SO DID YOU get any hacking done this summer? I certainly did! I spent a hole week of my summer vacation attending the geek camp TheCamp (Danish). Along with roughly twenty of the forty participants, this was the first time of TheCamp’s six years of existence that I attended. The purpose of the TheCamp is to provide an opportunity for (whitehat) hackers to unite and do what they like the most: spend time at the computer. For people not to fuse entirely with their computers, the TheCamp had scheduled three daily informative speeches or educational lectures from various guest speakers and TheCamp attendees. Topics included beginner Linux training, advanced Vim usage, computer security, audio on Linux, network understanding and much more. Most sessions were informal (kind of BoF-session manor), allowing for everybody to fill in with additional information or personal views and experiences. This often led to very exiting discussions.

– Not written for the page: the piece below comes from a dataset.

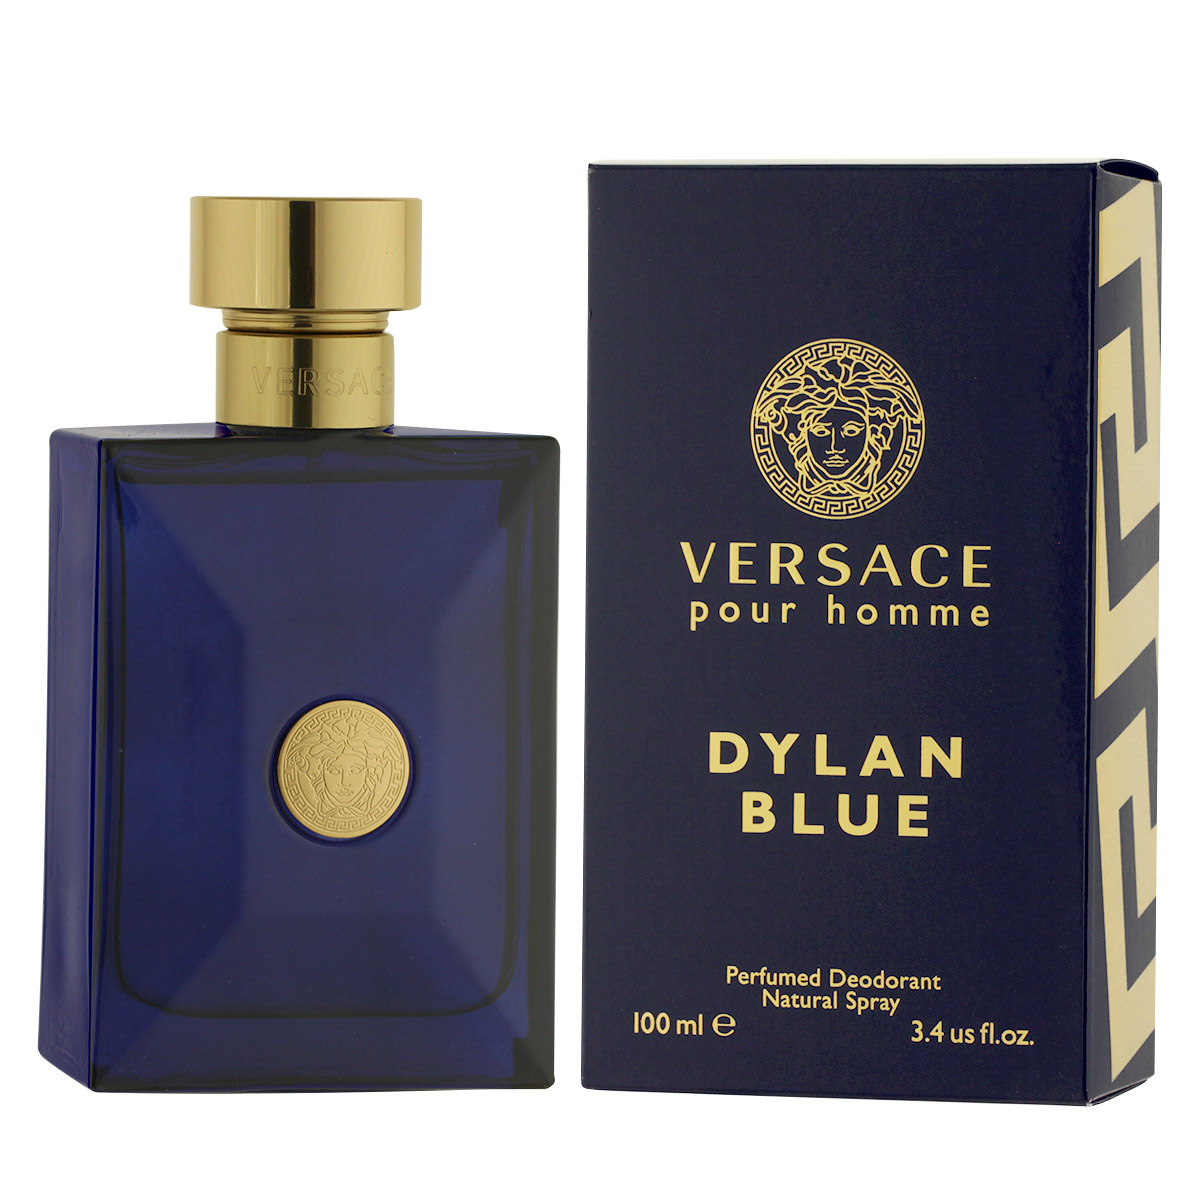 Versace Pour Homme Dylan Blue DEO ve skle 100 ml M

It was indeed a mixed group of people at the TheCamp. Ages ranged from a thirteen year old, accompanying his father, incrementing to a couple of people, of undisclosed age, who have had enjoyed their retirement for some years. The knowledgebase was very versatile too. Some were experts in Linux, others in networking, MAC OS X, Vim, security, audio, programming or even 3D graphics design (no Windows people it seemed). Others were at TheCamp to learn and benefit from the vast collective knowledgebase.

I started the week playing a bit with Elsa and Antlr, to investigate the possibilities of incorporating some C++ awareness to the old IDE we use at work. In both parsers I hit major problems when trying to parse STL code, so I ended up abandoned the idea (for now).

I then installed a InspIRCd IRC server on my headless Linux box. This was actually surprisingly easy to install and configure (although more tweaking can be done I’m sure), so with that success story I ventured on to learn some new programming skills.

At work I mainly program in C++ but I have decided to learn C# on the Mono framework. Additionally I want to learn some Lua for scripting and possibly some QT 4. I’ve bought a C# book (Professional C#) and a couple of Lua books (Beginning Lua Programming, Programming in Lua) to aid the learning process. I was somewhat disappointed by MonoDevelop. Apart from the instability problems, it was just to heavy an IDE for my laptop and the GUI is utter useless in a 1024×768 pixels resolution, so I settled on my usual editor of choice: Scribes. In a days work I managed to create a little C# program that had a QT 4 frontend (via Qyoto) and a small Lua script engine (via Tao.Lua) – it were lots of fun and a really exiting process, so definitely not my last programming with that constellation.

On the last day at TheCamp I was fortunate to be offered a used MacBook. My trusty old Asus A1000 laptop (600 MHz Celeron, 320 MB RAM) really really qualified for retirement and coincidentally I had long thought about acquiring a MAC. It didn’t require much consideration and now I am the happy owner of a cool black MacBook.

In conclusion the week at TheCamp was awesome, and I’ll definitely be ready next year when the ticket sale open.